You made huge personal sacrifices to be a mother, so enjoy it! We always wonder about what we don't have, but we shouldn't let that spoil what we DO have. And there is always adoption if you think adding to your family is really what you're called to do. s
post #24 of 25
I couldn't read this and not send you hugs. I never got as far along in conceiving as you did, but I do know what it's like to have your body betray you. We had to go the adoption route, and love our son so much we were considering doing it again. We really want him to have a sibling, so that, as you said, he's not alone once DH and I are gone. But I'm not all that young (over 40) and I'm not so sure it's the right thing to do.

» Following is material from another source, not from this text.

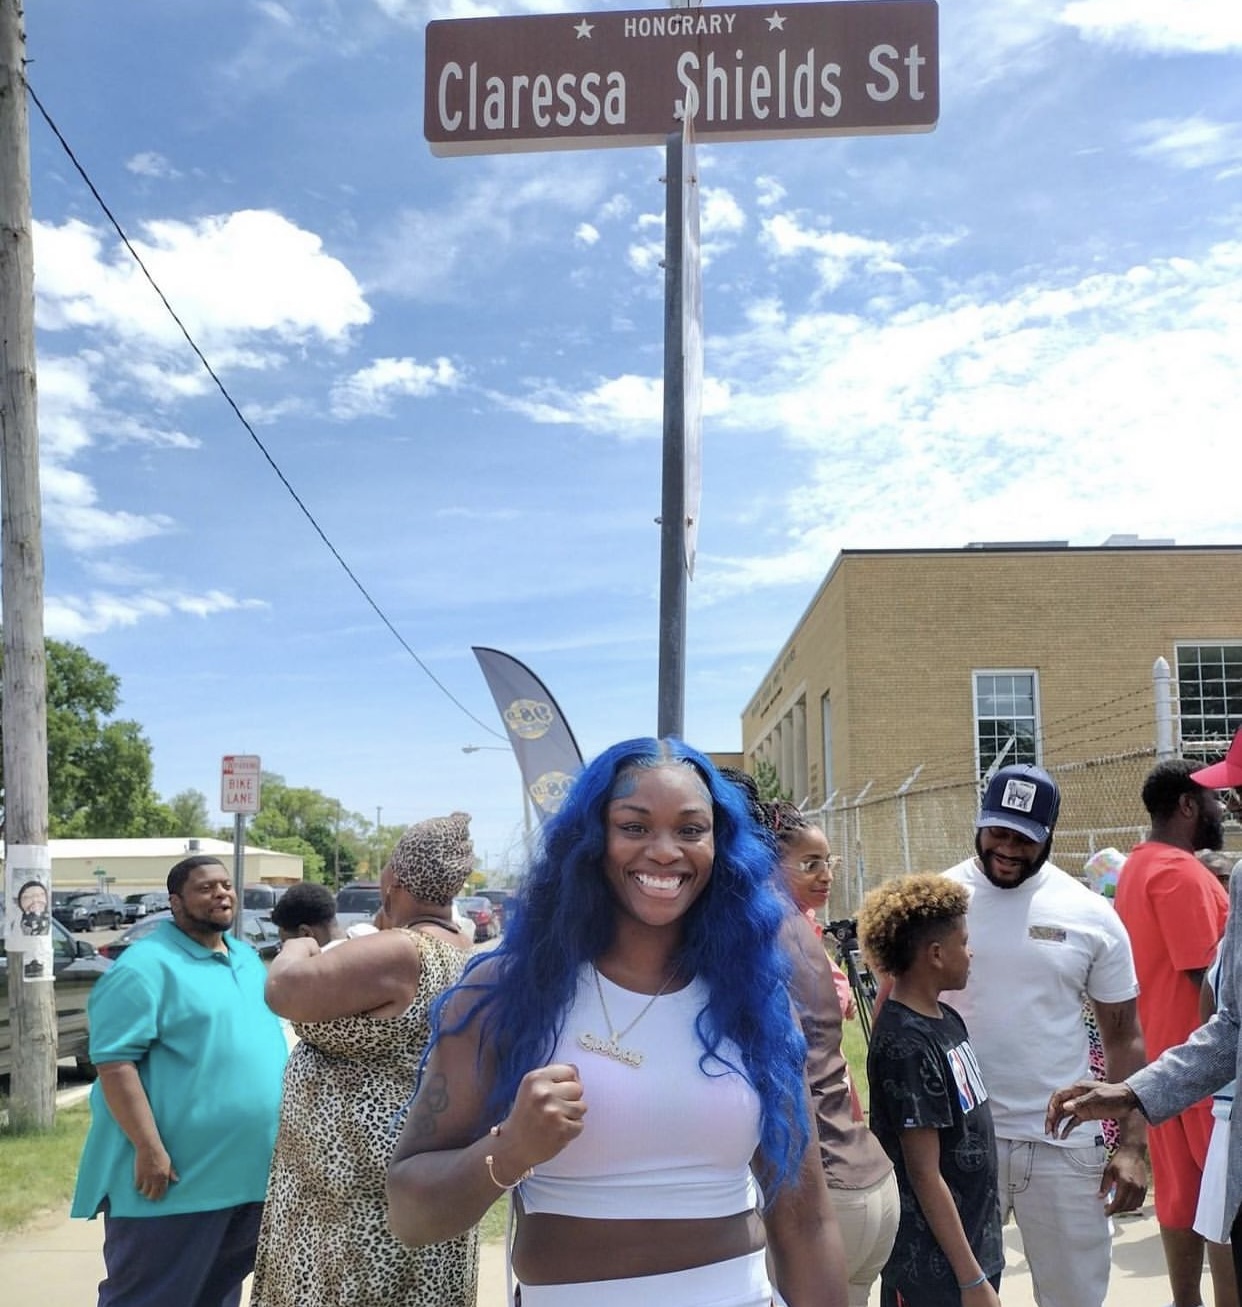 Claressa Shields ahora tiene su propia calle 

When I weigh the pros and cons, I realize that DS (while still very young) is extremely social. He won't be alone. He'll definitely have friends, and hopefully a wife and family of his own by the time we die. I have several friends who have siblings (one who has EIGHT) and when their mothers became terminally ill, only one sibling bore the brunt. Even the one with 8 sibs did most of the work herself. No one wanted to step up. Everyone had an excuse. So giving your daughter a sibling doesn't guarantee either one of them sibling support in their adult lives.

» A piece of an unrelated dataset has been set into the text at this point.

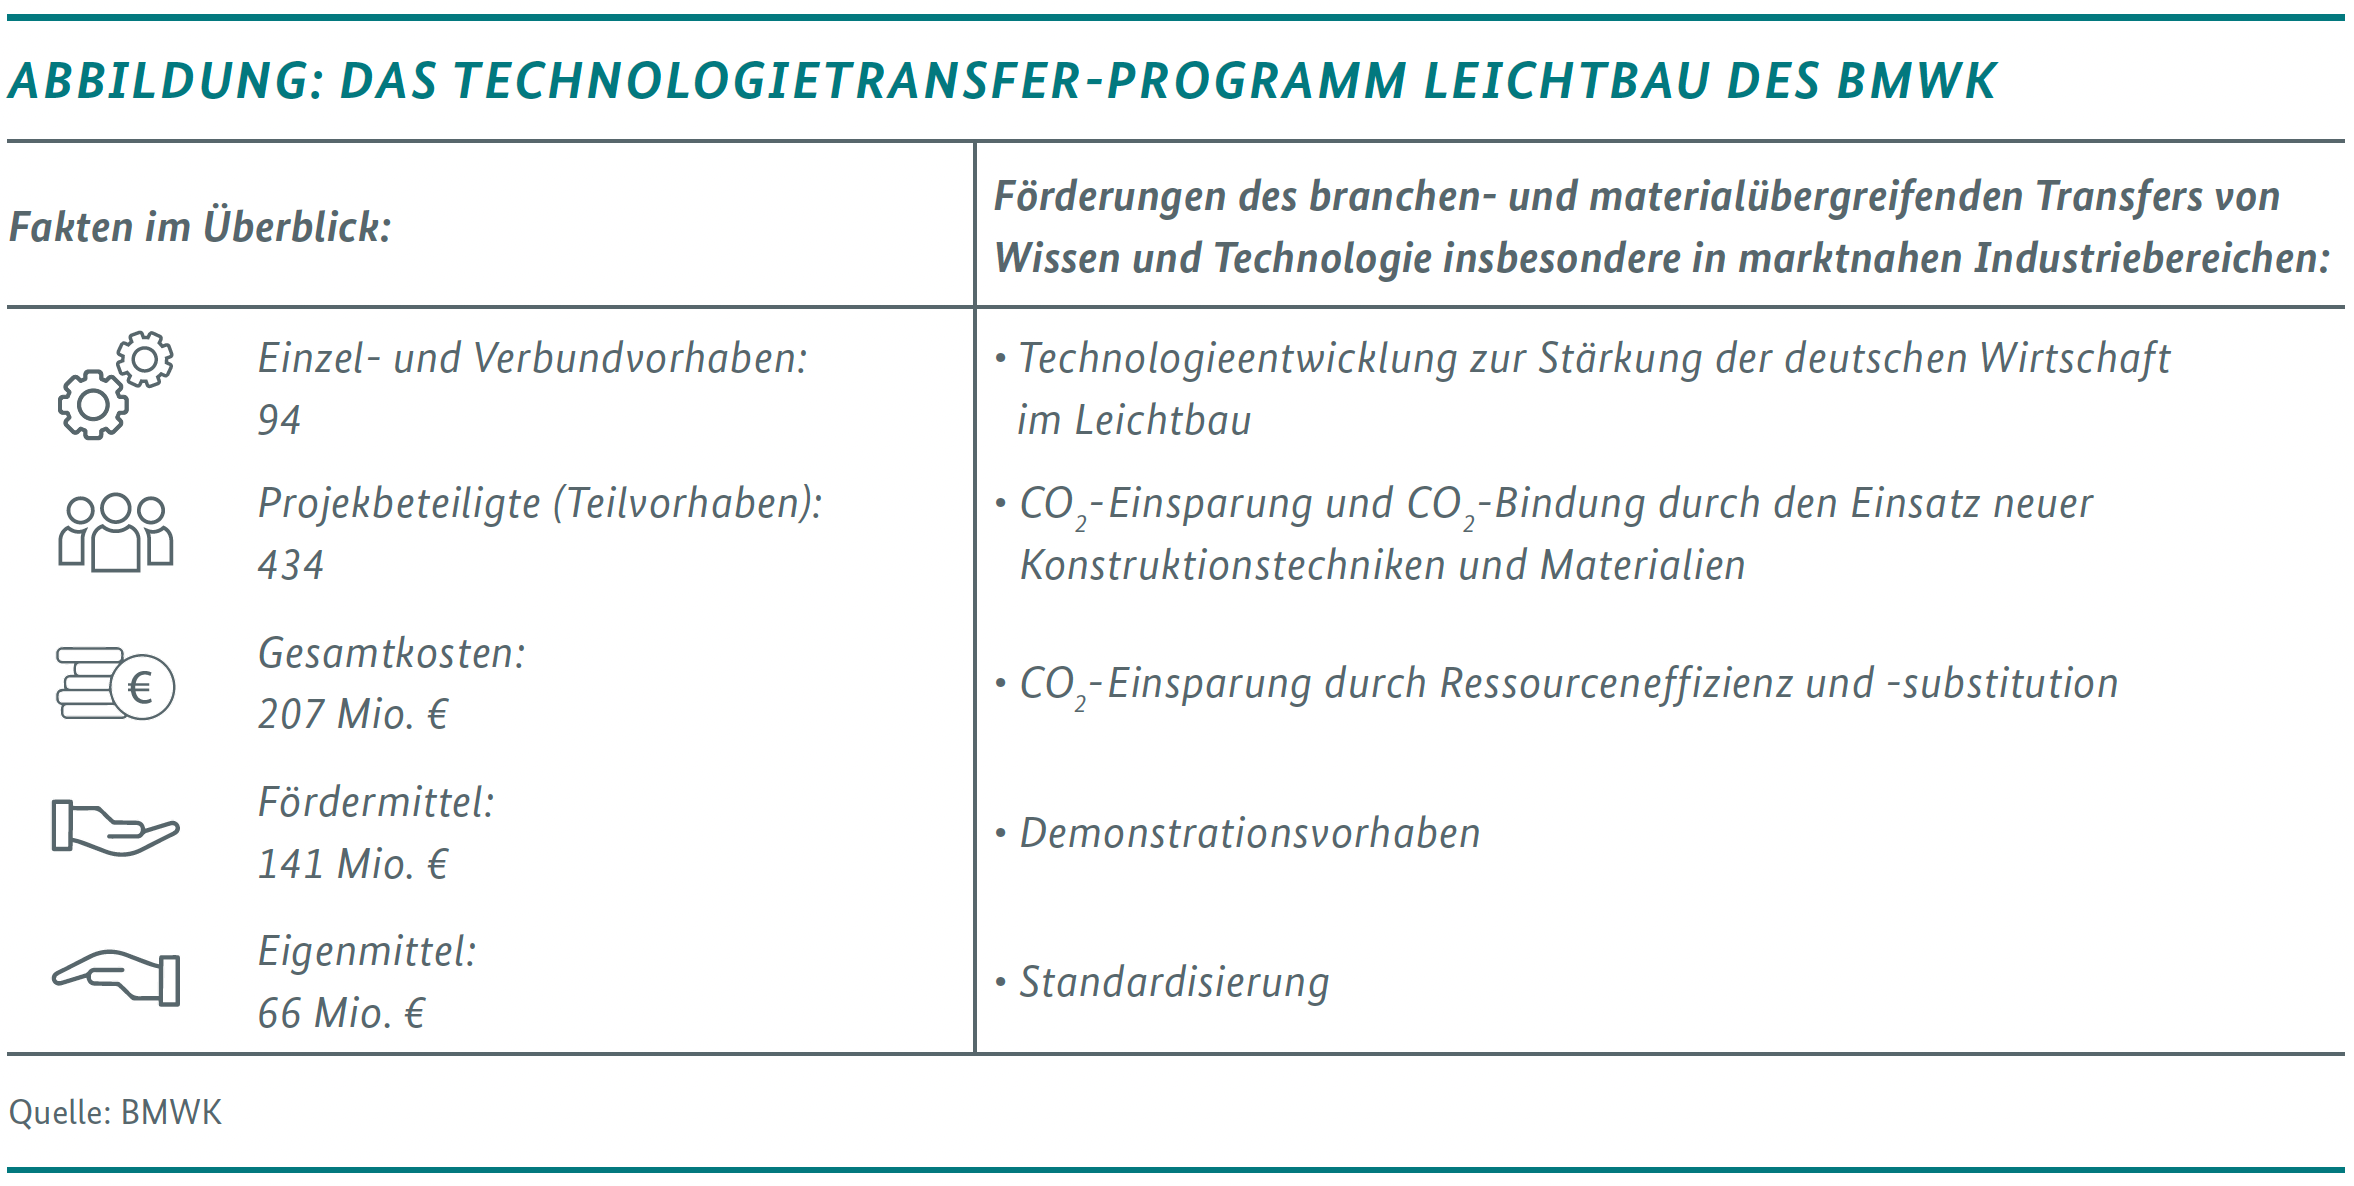 Abbildung: Das Technologie-Transfer-Programm Leichtbau des BMWK

I have one sister. I love her very much. We wouldn't be friends if we weren't related. We have NOTHING in common. When I talk to her on the phone, I hear nothing but what her poodle is wearing. Nothing about her life. I have no idea who her friends are, what her job is like, or whether she's dating anyone. When my mom needed someone to help her clean out my grandfather's apartment, my sister volunteered. I thought it would be great for the three of us to go together, one last time, to "Grandma's house." As soon as my sister found out I got time off to go too, she bailed. She decided she'd rather save her vacation days for a trip to Hawaii with her friends. (She had enough to do both... We only took 2 days.) I can see how it's going to be when my parents die. I live close to them, she doesn't. It's all me. I'm ready for it, but it makes me sad.

Also, my dad was an only child and LOVED it. He grew to be a very independent, very social, funny man. I'm hoping my son will do the same. If you daughter at 8 years old is saying she doesn't want/need a sibling, I'd definitely consider that in the decision.

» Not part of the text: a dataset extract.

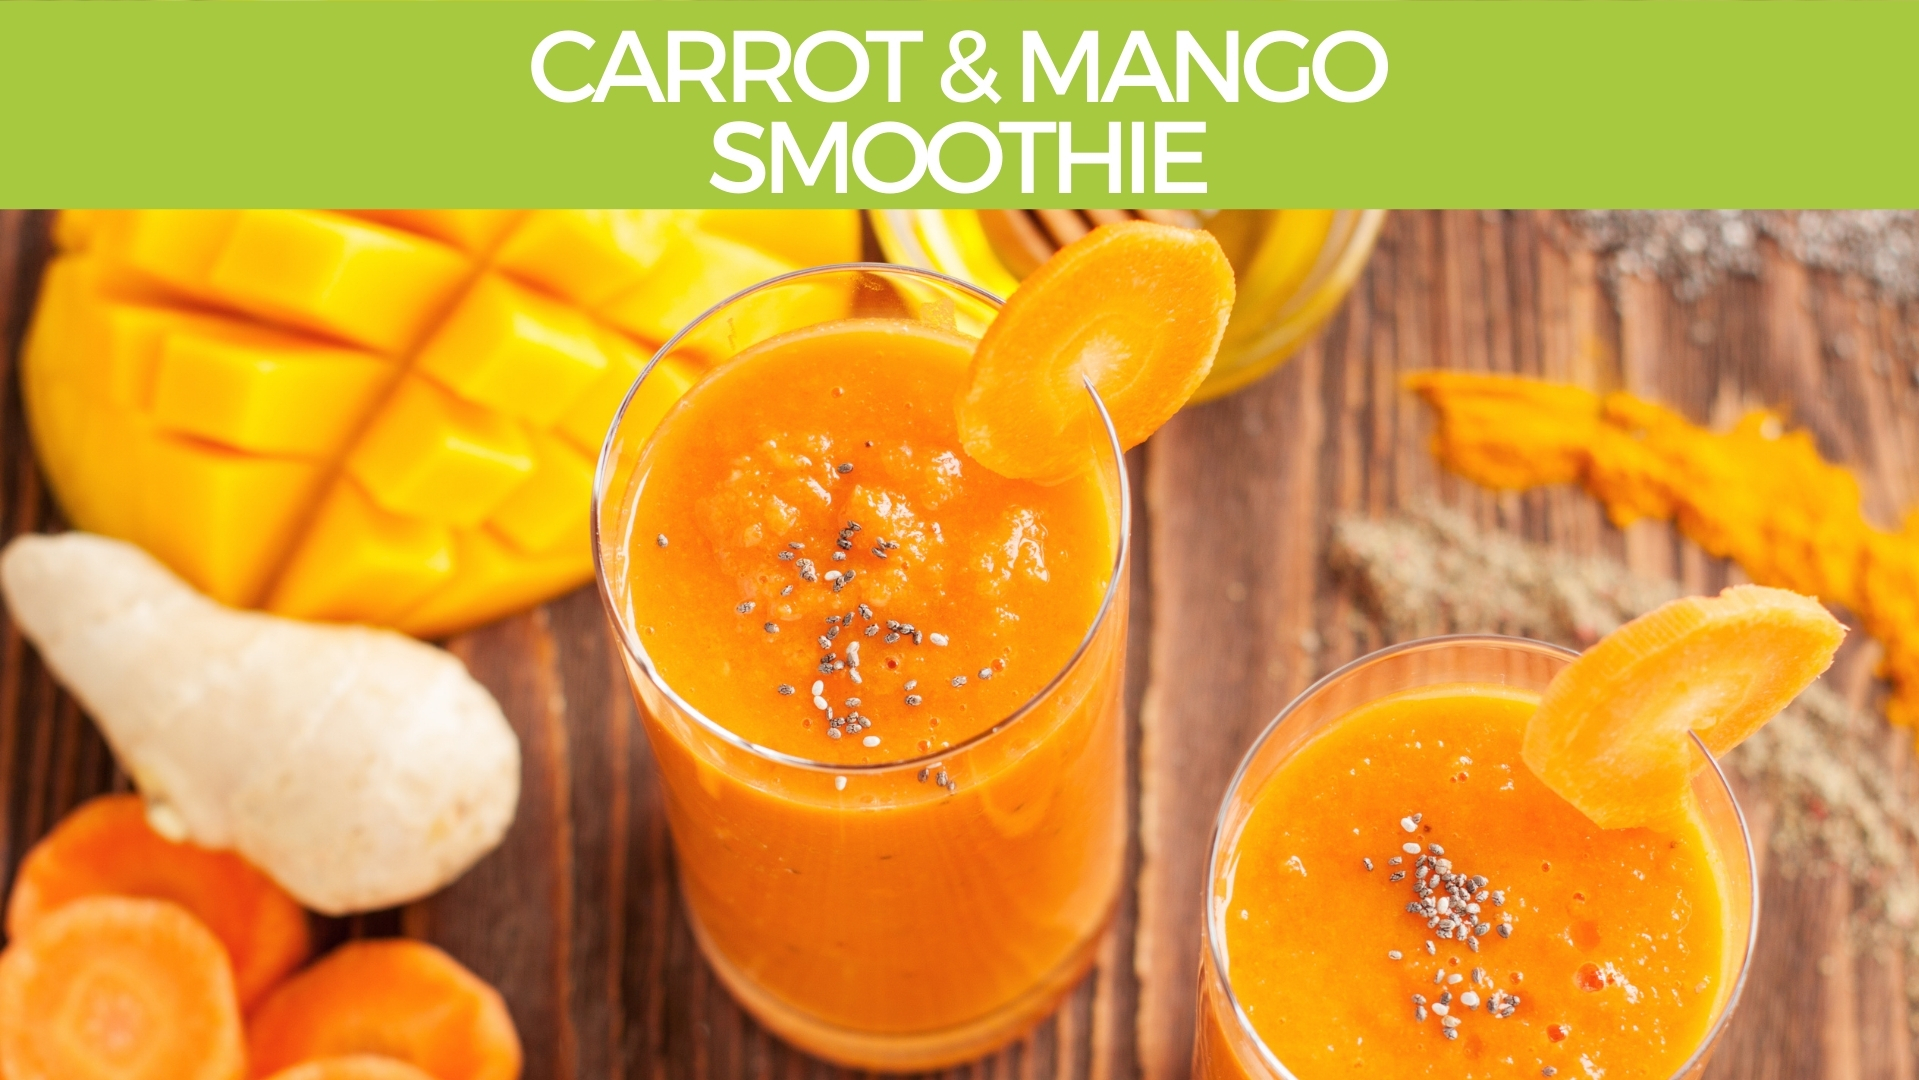 Carrot & Mango Smoothie

I hope you can find peace with all that you've been through. It sounds very stressful and very painful and maybe you are depressed, maybe you're not. Maybe it's a hormone imbalance. Maybe it's just overwhelming to think about all of this! (I know it is for me...)

Many many hugs to you and your family.
post #25 of 25
Thread Starter 
Thank you MDC mamas. You really know what to say . I am feeling better. I tend to get all wrapped up in my head and need clear-thinking people to pull me out. I can't talk to anyone about this issue IRL because my friends and family think I am crazy for being sad not to have another, as being pg almost killed me.

I am realizing that I really am grieveing a number of things . . . my health and my mother's . . . and the fact that it's hitting me that I really will never have another baby. That really is very, very sad. I am one of those rare moms who LOVED the infant and toddler years, and to know I'll never go through that again is so hard. Of course, if I had had another baby 4 years ago (which is when I should have done it, if I were going to), it would be over now anyway .

I know DD will be OK. She does have two cousins (who will be her only two cousins as well). My sister is moving to one of my favorite towns in the world sometime this year, which is an hour from me. I'm tossing around the idea of talking DH and DD into moving there too when she does . . . that would be really nice, and the idea makes me really happy. My sister and I are very close, so it would be like giving DD a little brother and sister, in a way, if we lived closer. And if we don't move (I know DD and DH will be against the idea), they'll still see each other as much as they do now, which is once a month or so.